Le Congo renoue avec l’un de ses plus grands trésors miniers. À l’occasion de la conférence « Mining on Top Africa » organisée les 7 et 8 juillet 2026 à Paris, le ministre des Industries minières et de la Géologie, Urbain Fiacre Opo, a confirmé la relance de la production industrielle de potasse sur le site de Mboukoumassi. Les premiers essais sont programmés pour la fin de l’année 2026 et la mise en exploitation commerciale au premier trimestre 2027. Une nouvelle qui redonne vie à une filière à l’arrêt depuis 1977.
Implanté dans le département du Kouilou, au sud-ouest de Pointe-Noire, le gisement de Mboukoumassi est développé par la filière congolaise du groupe chinois Luyuan Mines Investment. La construction de l’usine, entamée en 2018, avait été suspendue en 2020 suite à des difficultés de financement, avant de reprendre en 2023. Aujourd’hui, les travaux s’accélèrent pour honorer les échéances fixées.

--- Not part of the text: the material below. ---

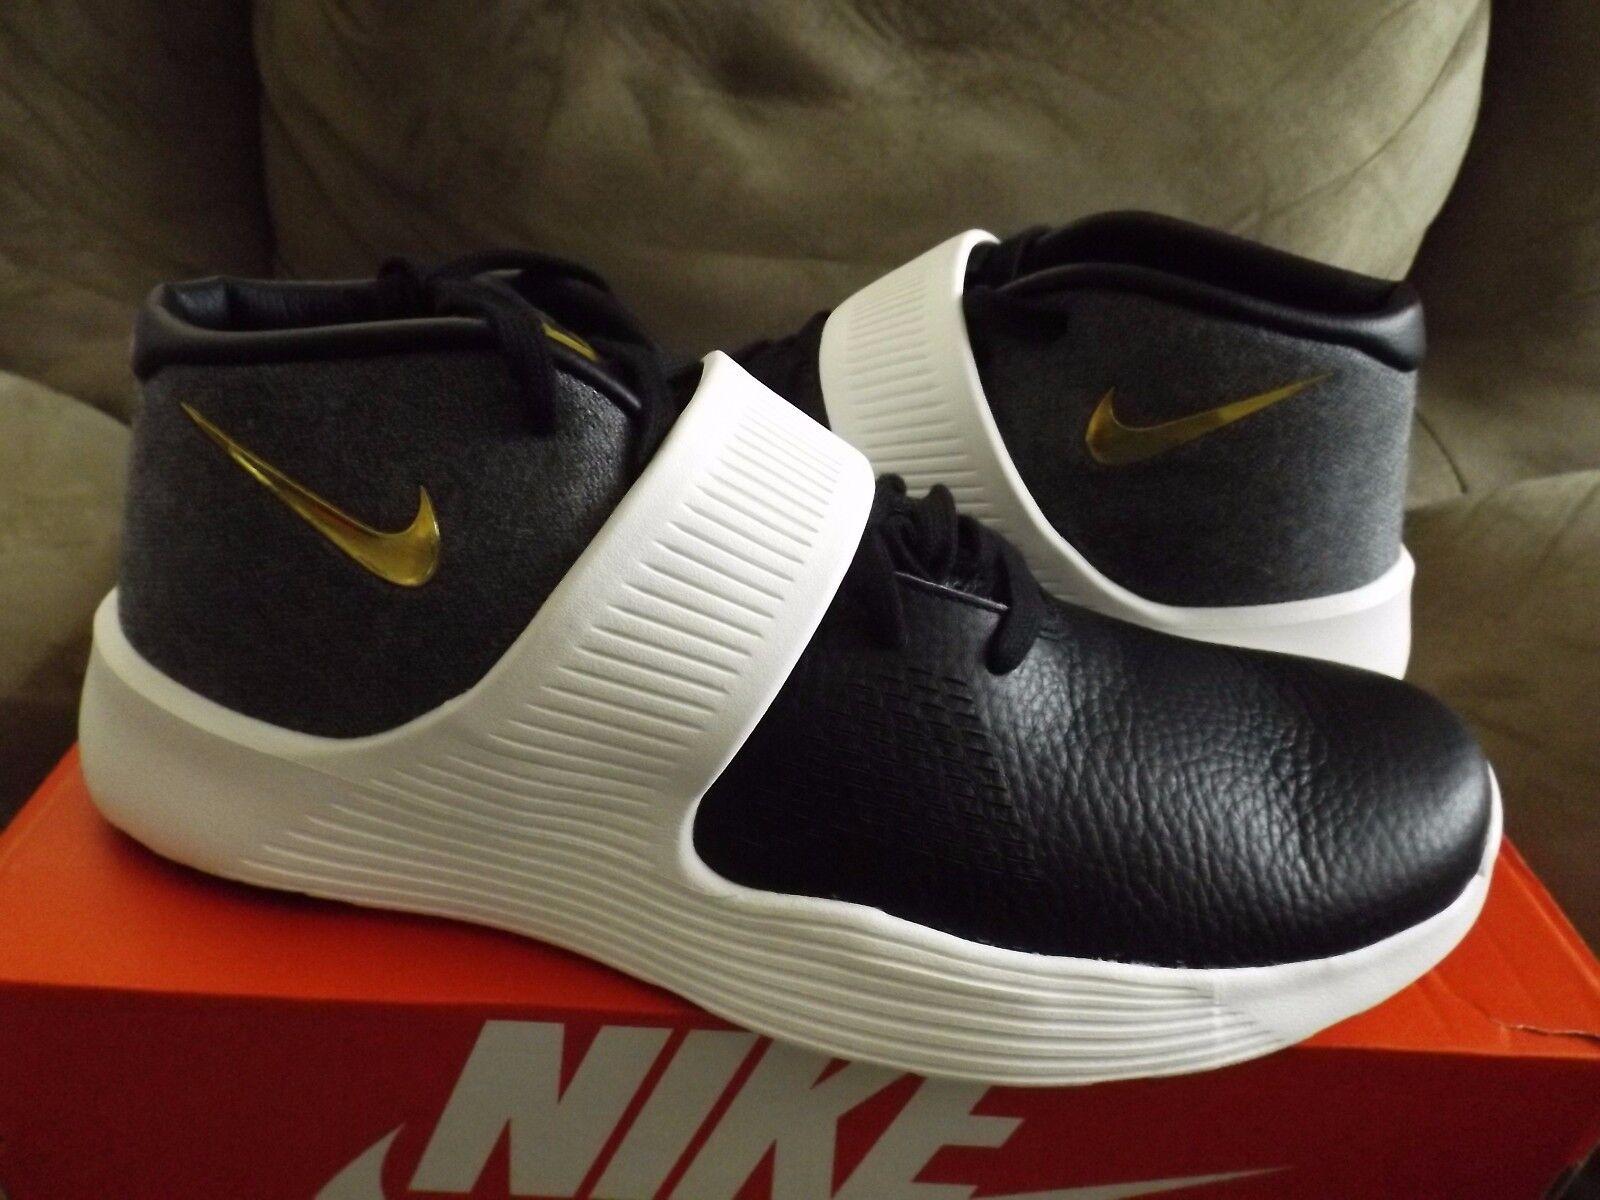 Nike zoom hawk volo uomo numero 9 bianco bianco 9 rosso scarpe da basket 805272-100 6bde94

Selon la convention minière, la première phase de production atteindra 600 000 tonnes de chlorure de potassium par an, avec un objectif de montée en puissance jusqu’à 2 millions de tonnes annuelles. Cette potasse est destinée principalement à la fabrication d’engrais agricoles, un marché porté par la croissance démographique mondiale et les impératifs de sécurité alimentaire.
La relance de Mboukoumassi suscite également l’intérêt d’investisseurs de premier plan. Le milliardaire nigérian Aliko Dangote envisage un investissement de 3 milliards de dollars (environ 1 950 milliards de francs CFA) pour développer cette filière et valoriser les importantes réserves du sous-sol congolais. Cet apport extérieur pourrait accélérer les retombées économiques : création de milliers d’emplois directs et indirects, modernisation des infrastructures industrielles et renforcement des exportations.
Pour Brazzaville, ce projet minier est un pilier de la diversification économique. Avec des réserves extractibles estimées à 242,5 millions de tonnes, le potentiel de Mboukoumassi place le Congo sur la voie d’une réduction de sa dépendance aux hydrocarbures et d’une intégration dans les chaînes d’approvisionnement mondiales de matières premières stratégiques.